Assigned task ->
For the material below, output exactly the span from the line with "Healthcare professional operating" to the line with "Bathroom with wooden", including both, and nothing besides.

Given records ->
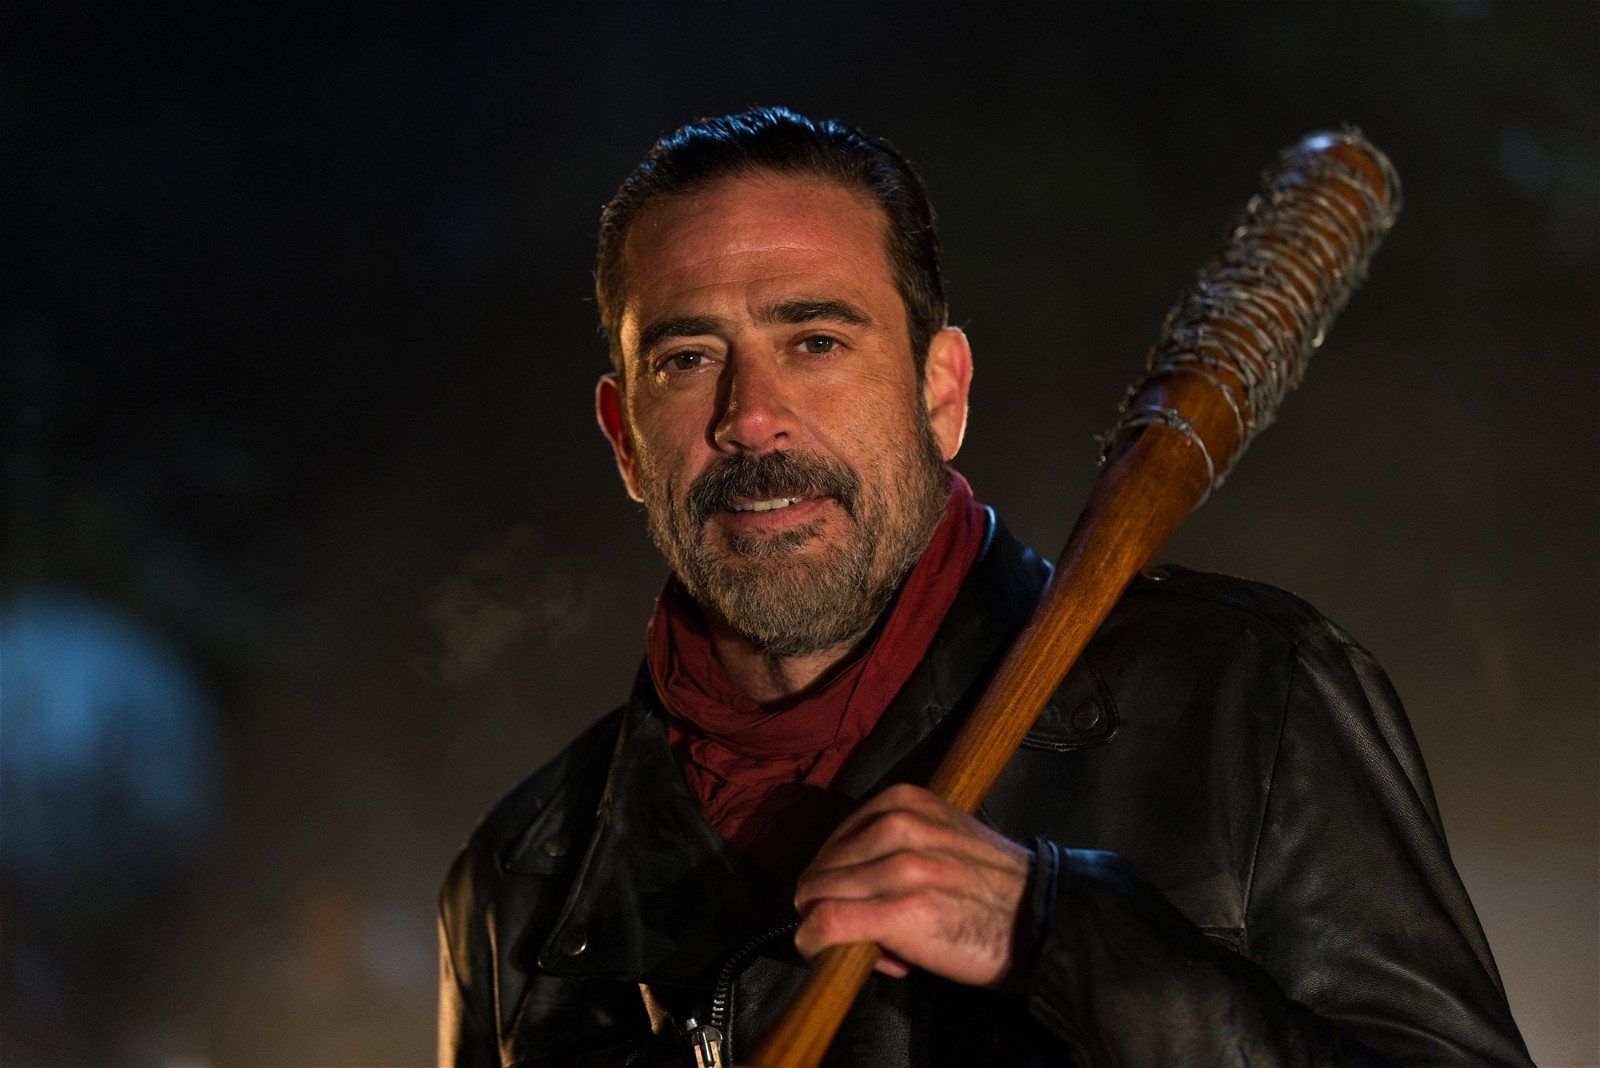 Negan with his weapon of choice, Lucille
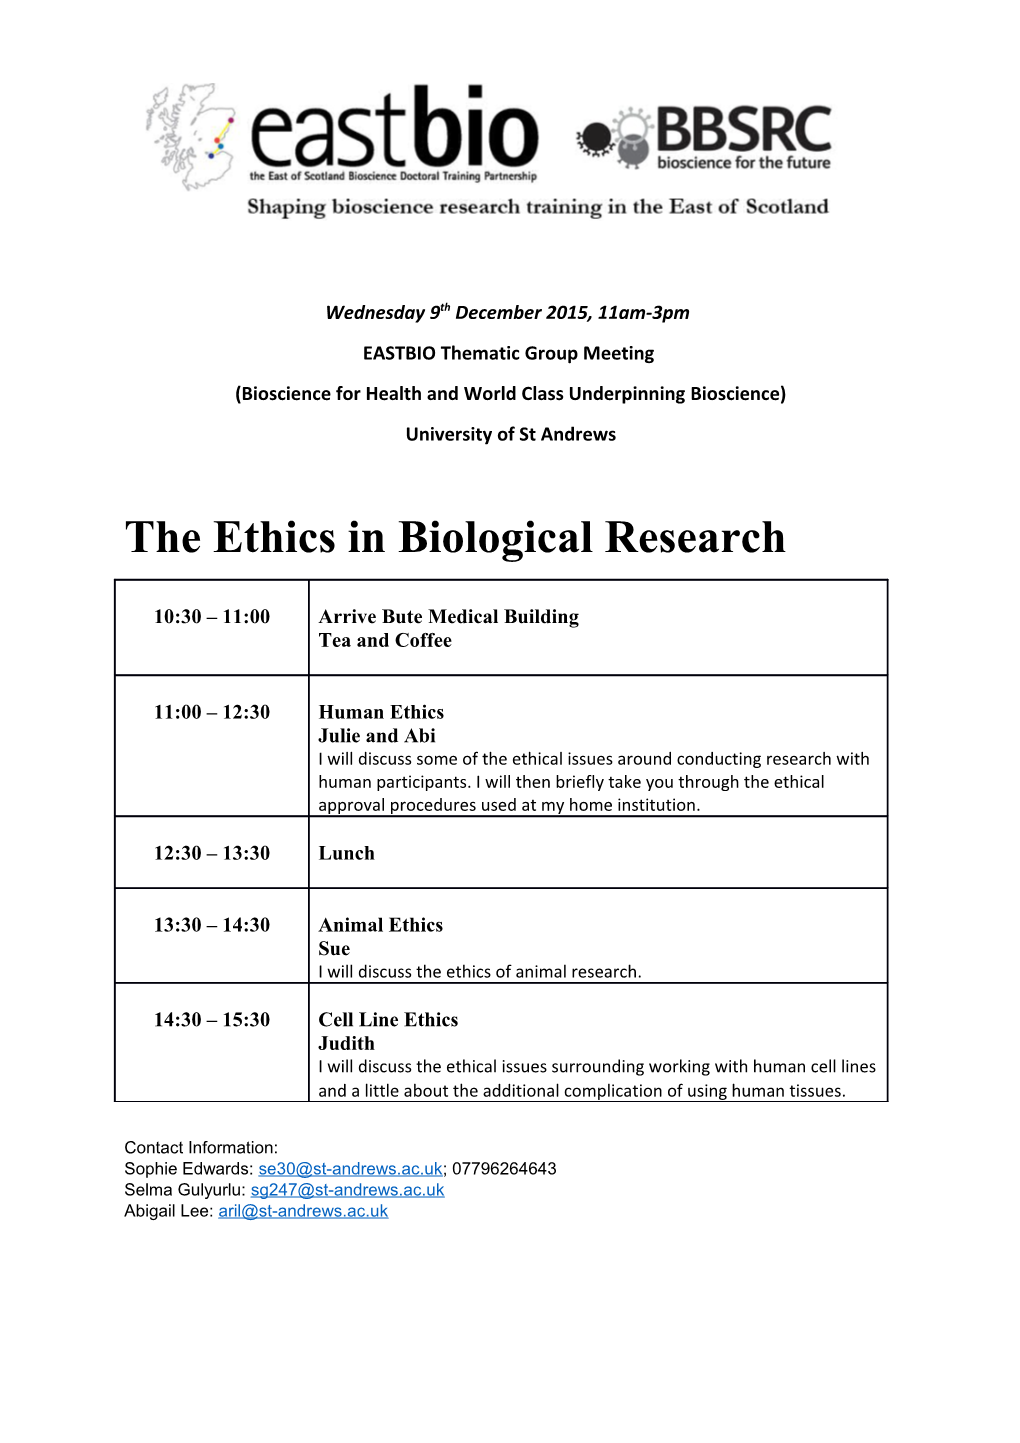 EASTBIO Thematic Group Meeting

---

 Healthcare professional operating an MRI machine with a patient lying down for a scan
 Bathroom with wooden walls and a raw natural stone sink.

The answer ->
 Healthcare professional operating an MRI machine with a patient lying down for a scan
 Bathroom with wooden walls and a raw natural stone sink.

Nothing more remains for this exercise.